Not so far pavilions  Design excellence - or something like it - is coming to central London as part of the Cultural Olympiad courtesy of lecturers at the UCL Bartlett School of Architecture. Their five pavilions, including gazeboes for growing algae in, a house formed from national flags, and Bloom (pictured), a pavilion that can be changed and rebuilt by members of the public, will begin to appear around the city from tomorrow. Look out for the gazebo in Euston Square Gardens, an urban garden of recyclable cells at Trafalgar Square, a house of flags in Parliament Square, story-telling trees in South Kensington, and a pavilion-scale tea machine at Victoria Park.

China eschews skyscrapers  International firm Atkins has got the thumbs up for a surprisingly low-rise development in Beijing. The architects' aim was to create a streetscape akin to London's Soho, for this is the new National Advertising Industry Park, to be built near the Central Business District. As such, it's aimed at creative agencies, and comprises more than 30 buildings - many of them just a few storeys tall - sitting on the banks of the Tonghui River.

 

Beijing's National Advertising Industry Park
Beijing's National Advertising Industry Park

Fresh talent for the arts  David Kohn Architects, which won the 2009 Young Architect of the Year, is about as close to the arts and architecture sector as it's possible to get. Projects include a rooftop pavilion for the Architecture Foundation, a community arts centre in East London, and a restaurant for the Royal Academy of Arts. Now it's added another arts-related project to its portfolio with the conversion of a disused sweet factory in Hackney Wick, east London into an arts centre called the White Building.

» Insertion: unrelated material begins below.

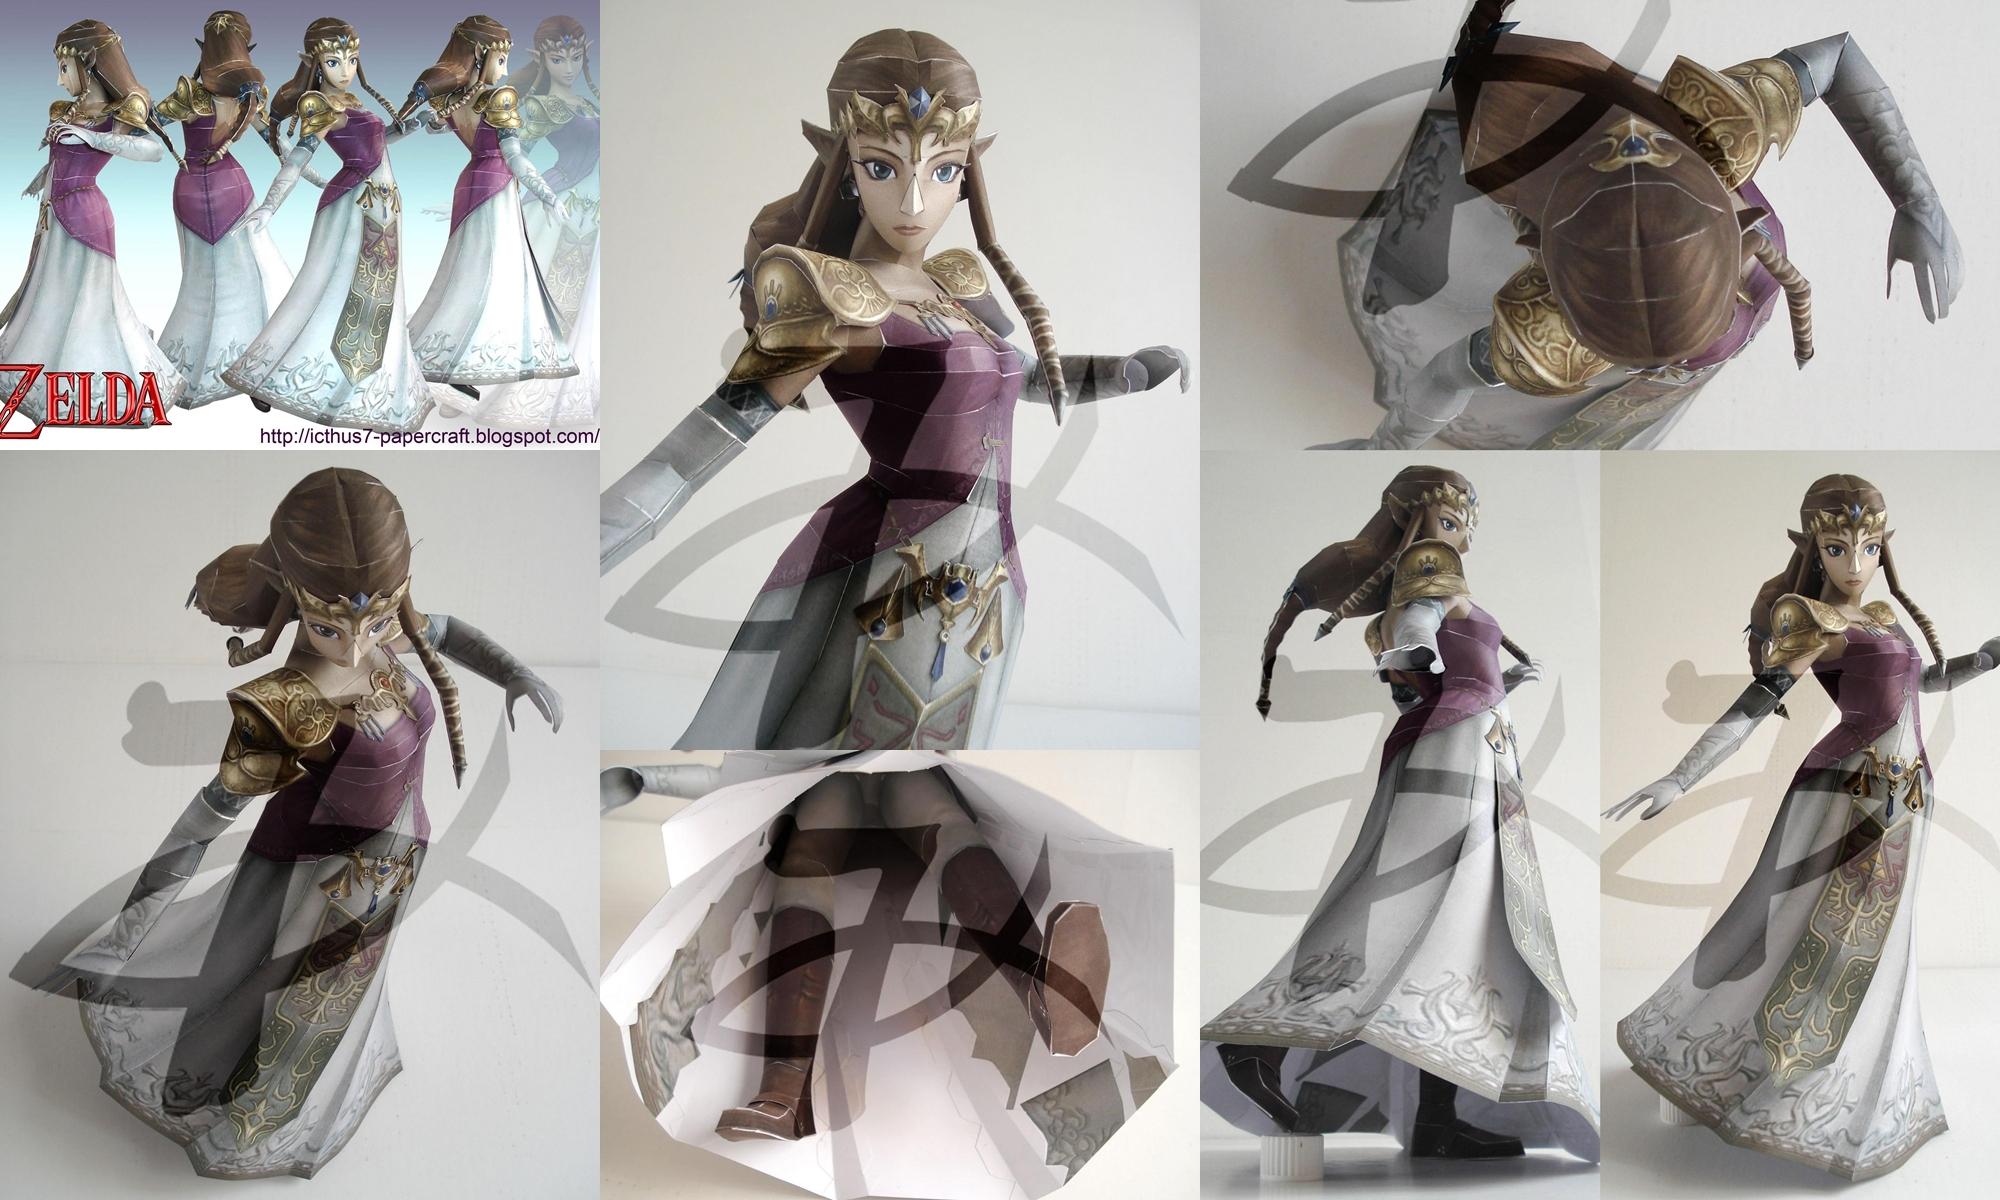 Zelda Super Smash Bros photos by enrique3

Canada honours eco design  The Canada Council for the Arts has awarded Paul Raff Studio with the prestigious Ronald J. Thom Award for Early Design Achievement. The $10,000 prize is in recognition of the Toronto-based firm's imaginative use of low-cost, locally sourced materials used in its buildings over the last decade. Raff himself is no stranger to gongs; in 2001, he picked the Ontario Association of Architects' Allied Arts Award for lifetime achievement - its youngest ever recipient.

From sushi to sitting rooms  Simon Woodroffe, the high-profile founder of YO!Sushi and YOTEL, is turning his hand to housing. In September he launches YO! Home, low-cost housing in new-build apartment blocks and office block conversions in cities around the world. These will be transformer spaces, the idea being that each YO! Home can manifest itself into a number of different rooms through sliding walls and the touch of a button.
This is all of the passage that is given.